Cellulose is a natural polymer that makes up nearly 80% of all the biomass on earth (cotton is nearly 100% cellulose). Structurally, cellulose is a linear chain of glucose monomers, linked together at the 1,4 positions of the glucose ring. These glucose chains can be hundreds of units long, and the corresponding molecular weights of these polymers can be several hundred thousand grams per mole.

The following table contains osmotic pressure data at three different temperatures for a cellulose derivative called 'cellulose tricaproate' dissolved in dimethylformamide at a number of concentrations. The data was obtained from Krigbaum, W.R. and Sperling, L.H. Journal of Physical Chemistry, 64, 99 (1960).
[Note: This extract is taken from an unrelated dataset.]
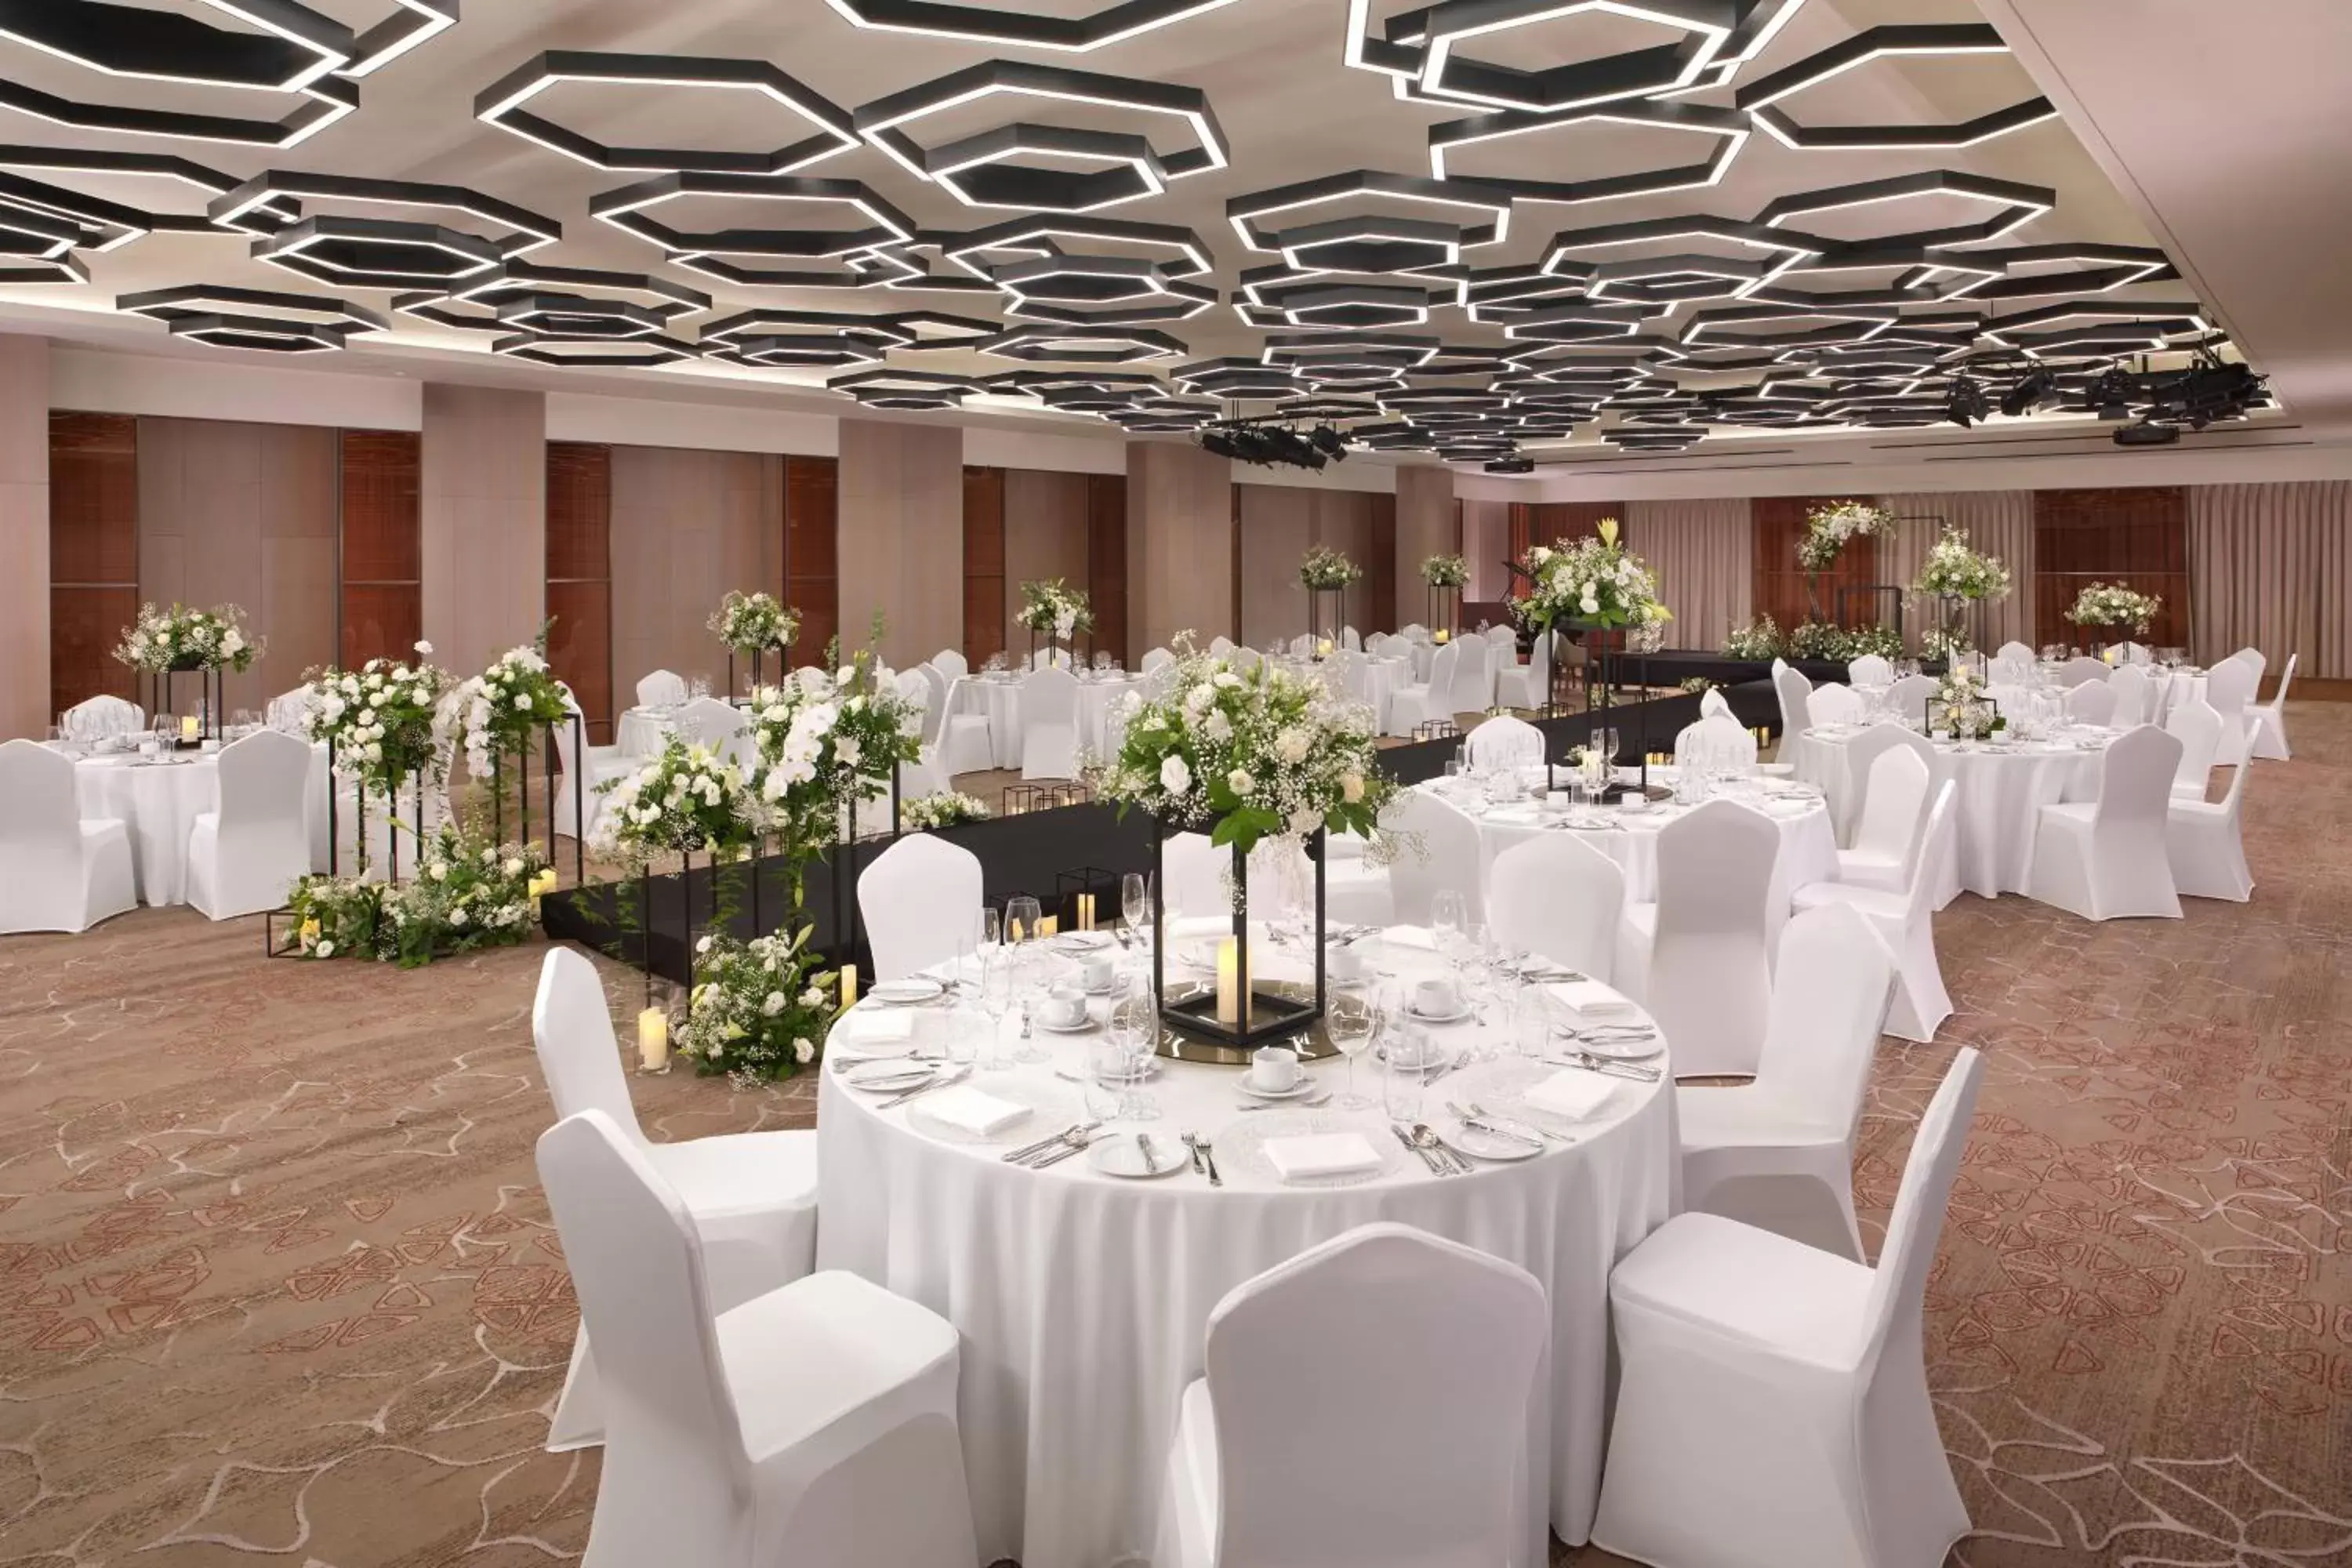 Banquet/Function facilities, Banquet Facilities in Daegu Marriott Hotel

Concentration (c) - (g/L) |
Osmotic pressure at 30.0°C - (atm) |
Osmotic pressure at 41.6°C - (atm) |
Osmotic pressure at 53.5°C - (atm) |
---|---|---|---|

2.7 | 0.00046 | 0.00052 | 0.00061 |

12.5 | 0.00210 | 0.00248 | 0.00293 |

17.0 | 0.00265 | 0.00343 | 0.00384 |

22.0 | 0.00323 | 0.00442 | 0.00543 |

## Exercise

- Calculate \(\Pi/c\) for each of the three data sets. Using an appropriate software environment, plot \(\Pi/c\) versus \(c\) and determine the best-fit line for each data set. By fitting our data to a line, we are assuming that terms higher than the second virial coefficient in Equation \ref{4} are negligible. Determine a value for the molecular weight (\(M\)) of the polymer and \(A_2\) at each temperature (NOTE: report the second virial coefficent in units of (mol·ml)/g
^{2}, which are the units most commonly utilized in practice). - Of course, the molecular weight (M) should not depend upon temperature. Does your determined values of \(M\) vary significantly over the three temperatures investigated here (When answering, you should consider the uncertainty in the y-intercept of your best-fit lines).
- Based upon the values of \(A_2\) that you obtained, is dimethylformamide a 'better' solvent for cellulose tricaproate at lower or higher temperatures? Plot your three \(A_2\) values against temperature and estimate the Flory Θ-temperature for this system.